You're reading: Russian media: Moscow mulling exchange of 24 captive Ukrainian sailors

Moscow would be ready to exchange the 24 Ukrainian sailors seized near the Kerch Strait for Russian nationals kept in Ukrainian jails, the pro-Kremlin Russian newspaper Izvestia reported on Jan. 11, quoting its sources.

The 24 Ukrainian sailors were heading in three navy vessels from the Black Sea to the Azov Sea, when Russian FSB patrol boats captured them near Russian-occupied Crimea, an event that sparked tensions and prompted Ukraine to announce a month-long period of martial law in 10 of its oblasts.

The Ukrainian sailors were later sent to Moscow, and 21 of them are now being kept in Lefortovo detention center. Three of them, wounded during their capture, are being kept in the hospital wing of the Matrosskaya Tishyna detention center.

While Ukraine calls the sailors prisoners of war, Russia wants to prosecute them as civilian violators of its border, and says they have to undergo trial before any exchange.

After that, Kremlin would be ready to exchange them for Russian nationals, hundreds of whom are being kept in Ukraine.

“There are many Russians in Ukrainian jails whom we have to release,” a senior Russian diplomatic source told Izvestia.

But the source added that this is unlikely to happen before the presidential elections in Ukraine, scheduled for March-April, because Russia doesn’t want to give any electoral advantage to Ukrainian President Petro Poroshenko, who is seeking reelection.

The number of Russians imprisoned in Ukraine remains disputed.

Ukrainian peace negotiators in Minsk earlier prepared a list with 23 names of Russians who were captured and imprisoned for waging war against Ukraine. But Prosecutor General Yuriy Lutsenko said in December that Ukraine has about 300 sentenced people that could be offered to Moscow for exchange for the captive sailors.

One of the imprisoned Russians, Aleksey Sedikov, who was captured while fighting against Ukraine’s army in Luhansk Oblast, underwent surgery in December paid for by Ukraine’s government. Sedikov is one of those Ukraine plans to exchange.

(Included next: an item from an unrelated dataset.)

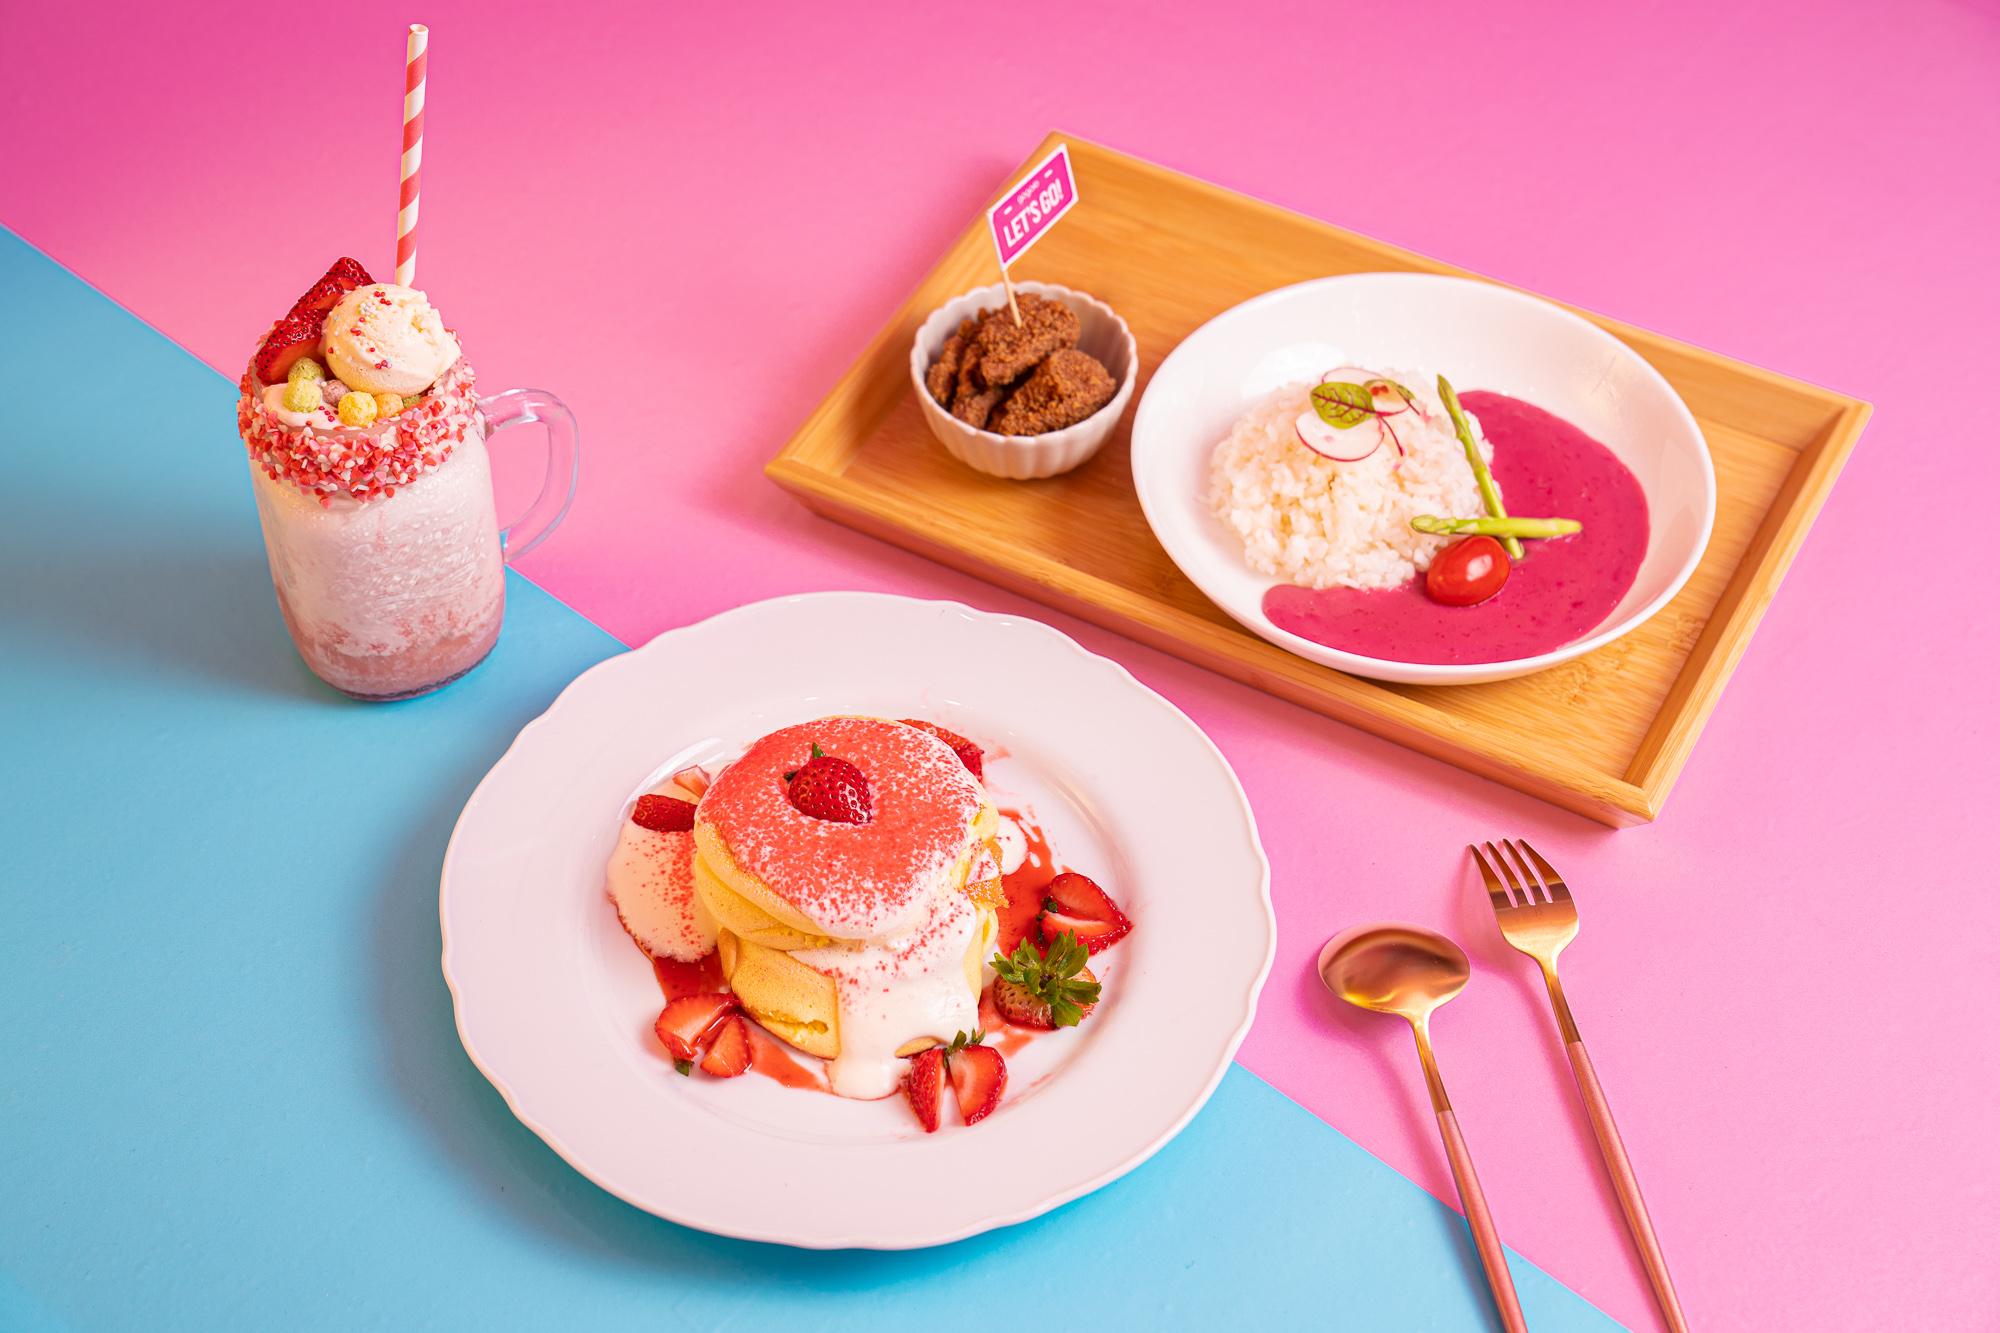 Gogoro 與知名 Boogoo Café 布咕咖啡和深夜裡的法國手工甜點合作,推出 Gogoro Piiink系列客製飲品和甜品。

Human rights activists at the Media Initiative for Human Rights say they are preparing a complete list of imprisoned Russians. But they also note there are some 70 other Ukrainians who have been kept in prisons in Russia and Russian-occupied Crimea for years.

There are also more than 100 Ukrainians, military and civilians, who are currently in jail in the Russian-controlled parts of Donetsk and Luhansk Oblasts, who have little hope of being exchanged soon, activists say.